Quelques-uns ont essayé de la convaincre de rester ; la CNT est également
intervenue par courrier adressé à l'intersyndicale et au comité
pour rappeler que les AG restaient souveraines et que les désaccords du
comité de grève devaient leur être rapportés, mais
c'était trop tard, la grève commençait à se déliter,
pour le plus grand profit de la direction.
Concernant l'évolution de
SUD Culture : Il y a eu au départ une longue période d'élaboration
des statuts, où l'on a alors consacré la souveraineté de
l'assemblée générale plénière. Mais, fin 2002,
ces statuts ont été remaniés : le bureau national est maintenant
déconnecté de l'ensemble des militants, ce sont ses membres, supposés
représenter les adhérents, qui votent. Dans l'assemblée générale
qui a consacré ce remaniement, j'ai fait une intervention pour m'y opposer
et je n'ai été soutenue que par une seule personne - qui d'ailleurs,
en désespoir de cause, sans doute, a décidé de ne plus s'investir
que dans Solidaires… C'est à ce moment-là que j'ai perçu
à quel point SUD Culture était désormais dans une logique
d'institutionnalisation. Sur le plan national, ils ont désormais une position
tellement institutionnelle que j'ai du mal à faire la différence
entre eux et la CGT Culture - même s'ils se querellent, parce que SUD Culture
souhaite obtenir une reconnaissance le plus rapidement possible.
Paradoxalement,
ils continuent à avoir un affichage très fort au niveau des luttes
citoyennes : dans toutes les manifs, il y a quelqu'un (toujours le même)
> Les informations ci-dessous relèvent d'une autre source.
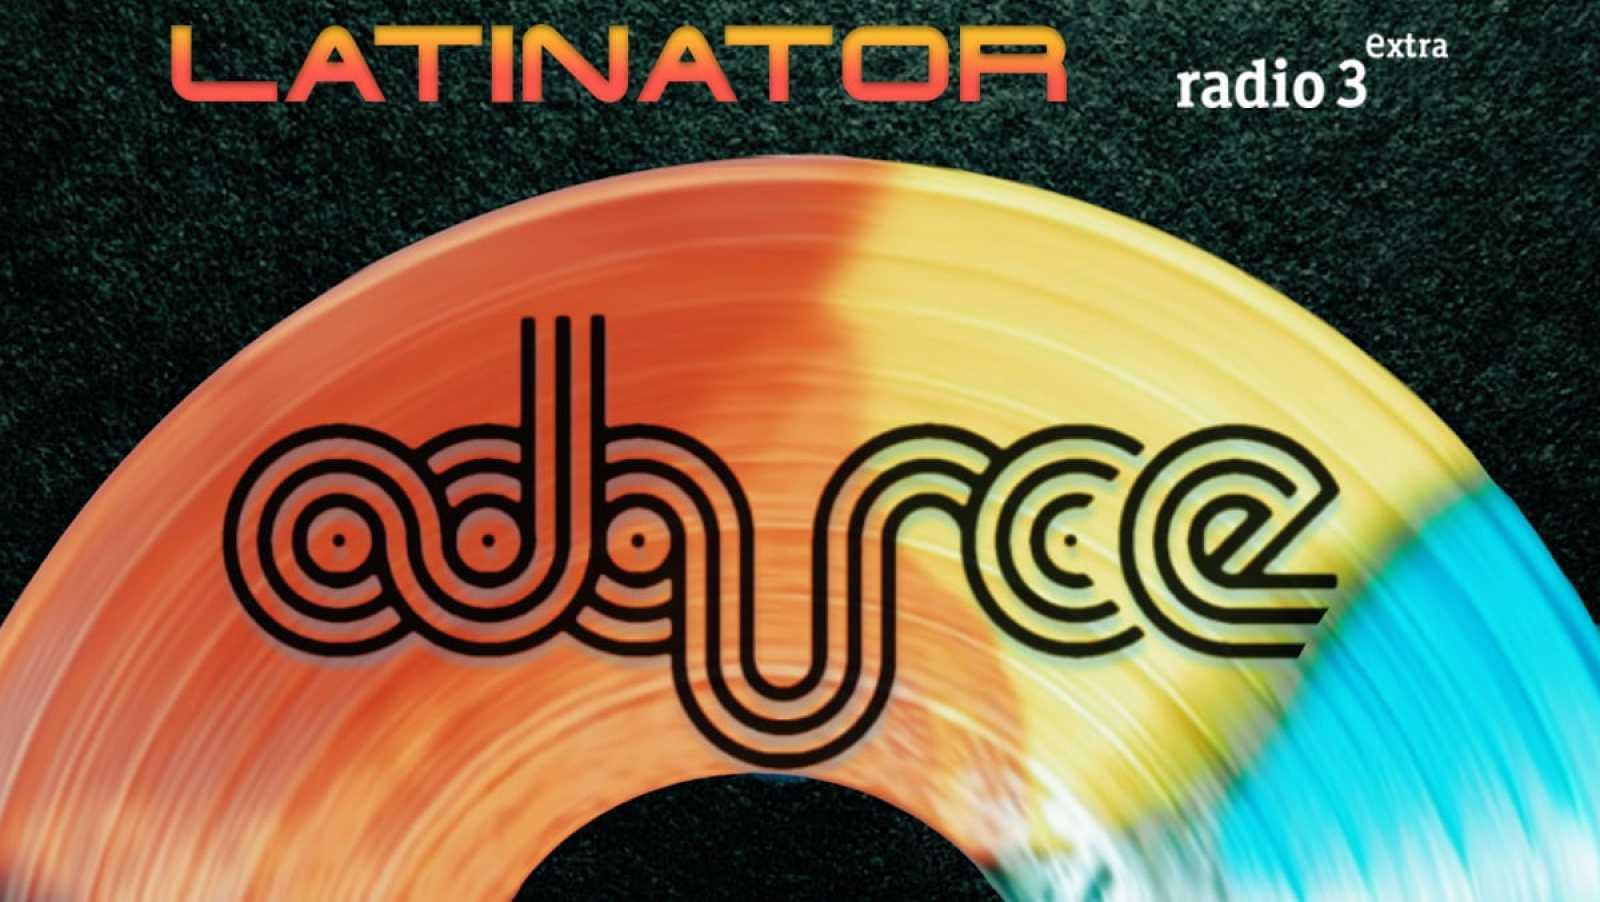 Latinator - ADARCE RECORDS - 28/05/20 - escuchar ahora

pour porter le drapeau de SUD, et en général SUD Culture fait un
tract, qu'ils mettent ensuite sur leur site. Mais pendant qu'ils s'occupent de
ce qui se passe à l'extérieur, ils laissent en friche tout ce qui
se passe dans les établissements culturels.
Christian : Je me
souviens d'un congrès, préparé de façon démocratique,
où notre section des centres de tri de l'Ile-de-France avait présenté
plusieurs amendements, dont un sur l'abolition du salariat. Un des responsables
s'y était opposé en argumentant ainsi : " Le patronat et Pol
Pot sont eux aussi pour l'abolition du salariat. " Et pas un des militants
révolutionnaires présents n'avait moufté…
Sur la question
de l'auto-organisation et de la grève générale : en 1968,
1995 et 2003, trois moments où un processus vers la grève générale
était en cours, on a bien vu comment se sont comportés à
la fois les appareils politiques et les appareils syndicaux. Il y avait connexion,
pour dire le moins, entre les uns et les autres : entre la CGT et le PC, entre
la CFDT et le PS, entre FO et… (il y a de tout là- dedans). Et SUD ne fait
pas exception, puisque le noyau dur, pensant et organisateur est constitué
de militants LCR et de certains libertaires. Or ni en 1995 ni en 2003 ces camarades
ne se sont constitués en organisations alternatives indépendantes
des appareils, ils ont été le flanc gauche des appareils syndicaux,
qui étaient eux-mêmes le flanc gauche des appareils politiques. Et
chaque fois ils nous ont renvoyés sur les élections.
La question
des comités de grève est à mes yeux fondamentale. Comme je
constate que dans aucune organisation syndicale on ne peut développer de
façon radicale et continue ne serait-ce qu'une progagande pour les comités
de grève et une pratique d'autonomie ouvrière, j'estime que les
syndicats sont devenus de fait, avec les militants quels qu'ils soient, des flancs
gauches de l'État et des appareils politiques. C'est pourquoi je considère
à présent que c'est une erreur de militer dans les syndicats, sinon
pour constituer des réseaux contre les appareils syndicaux.
Priorité
à l'interprofessionnel ou à la lutte catégorielle ?
à
l'enracinement ou à la visibilité ?
Henri : Les pratiques
interprofessionnelles de SUD Rail, c'est très insatisfaisant, mais, comparé
aux autres syndicats, c'est énorme. Chez SUD il y a une volonté,
limitée mais réelle, d'aller dans ce sens, puisqu'il y a des militants
syndicaux qui sont dégagés pour intervenir sur les filiales et les
sous-traitants, mais ils sont si peu nombreux que ça paraît marginal.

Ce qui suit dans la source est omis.